2024 YGTK 

(Meeting with Young Geometric Topologists at KAIST) 

Date: 2024.6.25 

Location: KAST E6-1, room 1401 

This is a one-day workshop with young geometric topologists. 

Schedule and abstracts 

Title: Conformal measure rigidity and ergodicity of horospherical foliations 

Abstract: As generalizations of Mostow's rigidity theorem, Sullivan, Tukia, Yue, and Oh and I proved rigidity theorems for representations of rank one discrete subgroups of divergence type, in terms of the push-forwards of conformal measures via boundary maps. In this talk, I will present a higher rank extension of them for a certain class of discrete subgroups, which we call hypertransverse subgroups. This class includes all rank one discrete subgroups, Anosov subgroups, relatively Anosov subgroups, and notably, their subgroups. The proof is developing the idea of the joint work with Oh for self-joinings of higher rank hypertransverse subgroups, overcoming the lack of CAT(-1) geometry on symmetric spaces.
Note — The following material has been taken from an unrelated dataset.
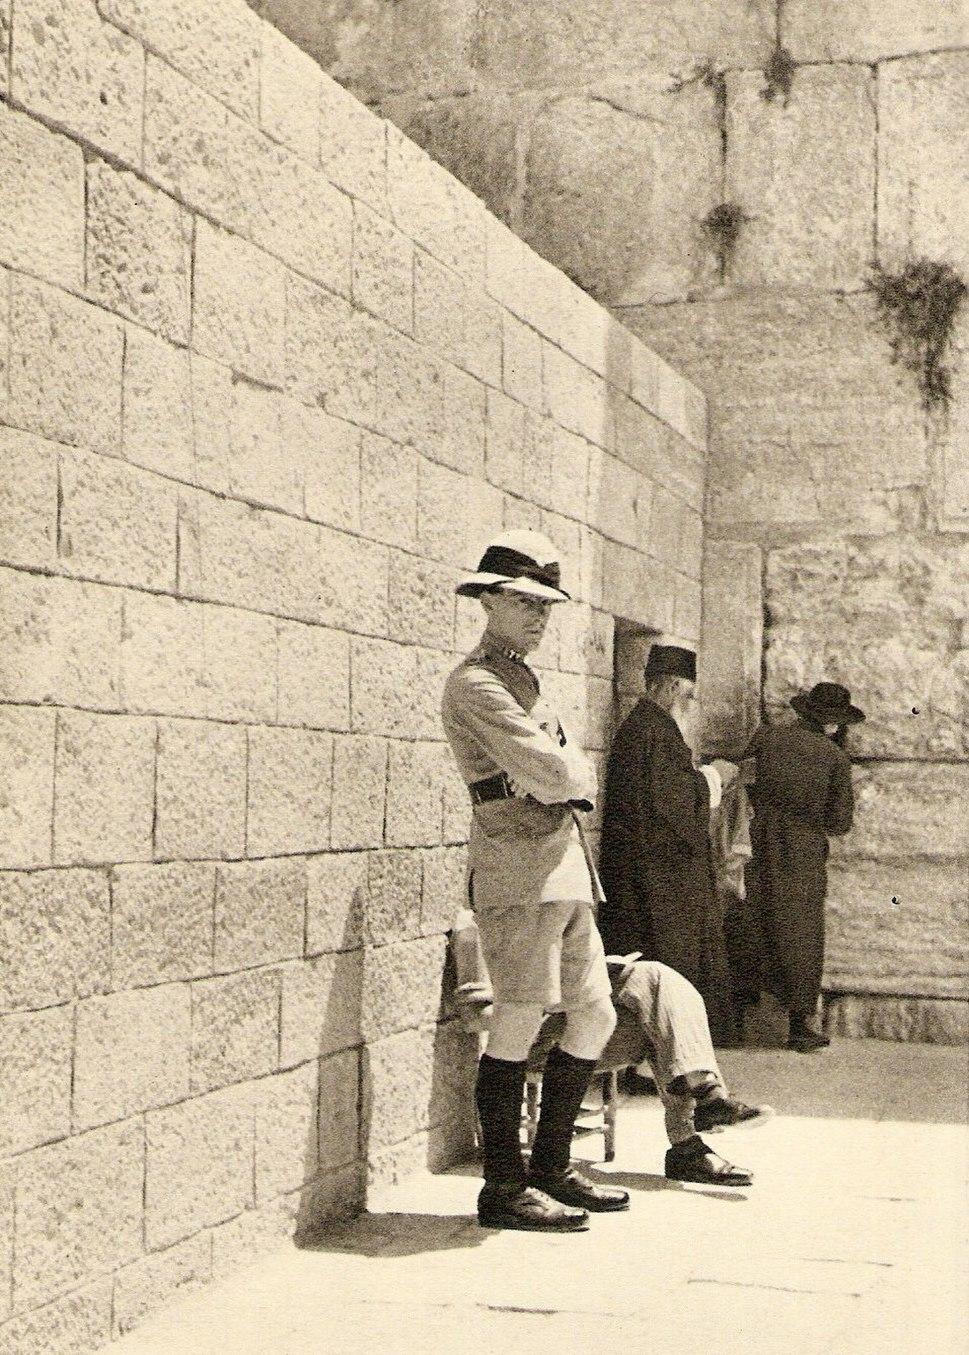 British police wailing wall1

In contrast to the work of Sullivan, Tukia, and Yue, the argument is closely related to studying the ergodicity of horospherical foliations.

Title: Big Out(F ₙ) and its rigidity  

Abstract: The group Out(F ₙ) consists of automorphisms of the free group of rank n, modulo inner automorphisms, and is regarded as the mapping class group of finite graphs. Algom-Kfir and Bestvina introduced “Big Out(F ₙ)” as the mapping class group of (locally finite) infinite graphs. As a group of symmetries of graphs, one can ask how much of the group determines the graph, addressing the so-called rigidity question. In this talk I will present two types of rigidity questions for Big Out(F ₙ), and share partial progress toward answering each. This is a joint work with George Domat and Hannah Hoganson.

Title: The geometry of involutions in PGL(2,q) 

Abstract: I will first introduce the concept of coset geometries. This is a construction introduced by Jacques Tits, that allows to reconstruct a space a group is acting in from the group itself. The philosophy here is that all spaces a group can act "nicely" on should be visible in the algebraic structure of the group. I will then show how to use this concept to construct abstract polytopes and hypertopes (a generalization of polytopes) from the groups PGL(2,q), the groups of projectivities of a projective line over a finite field over order q. In order to do so, one has to get a good understanding of the involutions of PGL(2,q), which is best accomplished by seeing these involutions as perspectivities of a projective plane. If time permits, I will discuss potential generalizations to projective linear groups over arbitrary fields (or even division algebras). 

Title: Sullivan’s conjecture, Myrberg limit set and Hausdorff dimension

Abstract: In the 70’s, Patterson and Sullivan constructed measures at infinity, called the (quasi-)conformal measures, for Fuchsian and Kleinian groups that canonically ``sees” some geometry of the group action. Moreover, (quasi-)conformal measures are intimately related to the limit set of the groups and the dynamics of the geodesic flow on the quotient, with an application to the orbit counting problem. While studying this, Sullivan made a conjecture regarding typical geodesic ray in the ambient hyperbolic space. In this talk, I will survey the notions in this story and explain a recent result of Qing and Yang about sublinearly Morse directions. If time allows, I will explain an ongoing work regarding Hausdorff dimension of the Myrberg limit set.

Title: Uniform difference between the length spectra of Out(F2) and the genus two handlebody group

Abstract: Outer automorphism groups of free groups have been studied as an algebraic generalization of mapping class groups of surfaces of finite type. Especially, Bestvina, Hendel, Feighn, and many researchers studied irreducible elements in the outer automorphism group as an algebraic counterpart of pseudo-Anosov mapping classes. In this talk, we discuss handlebody groups as a bridge between outer automorphism groups of free groups and mapping class groups of finite type surfaces. In particular, I introduce a Hensel’s question about a connection between fully irreducible outer automorphisms and pseudo-Anosov mapping classes in terms of translation length. Also, I present a recent result about the genus-two case of the question. This is based on the joint work with Donggyun Seo.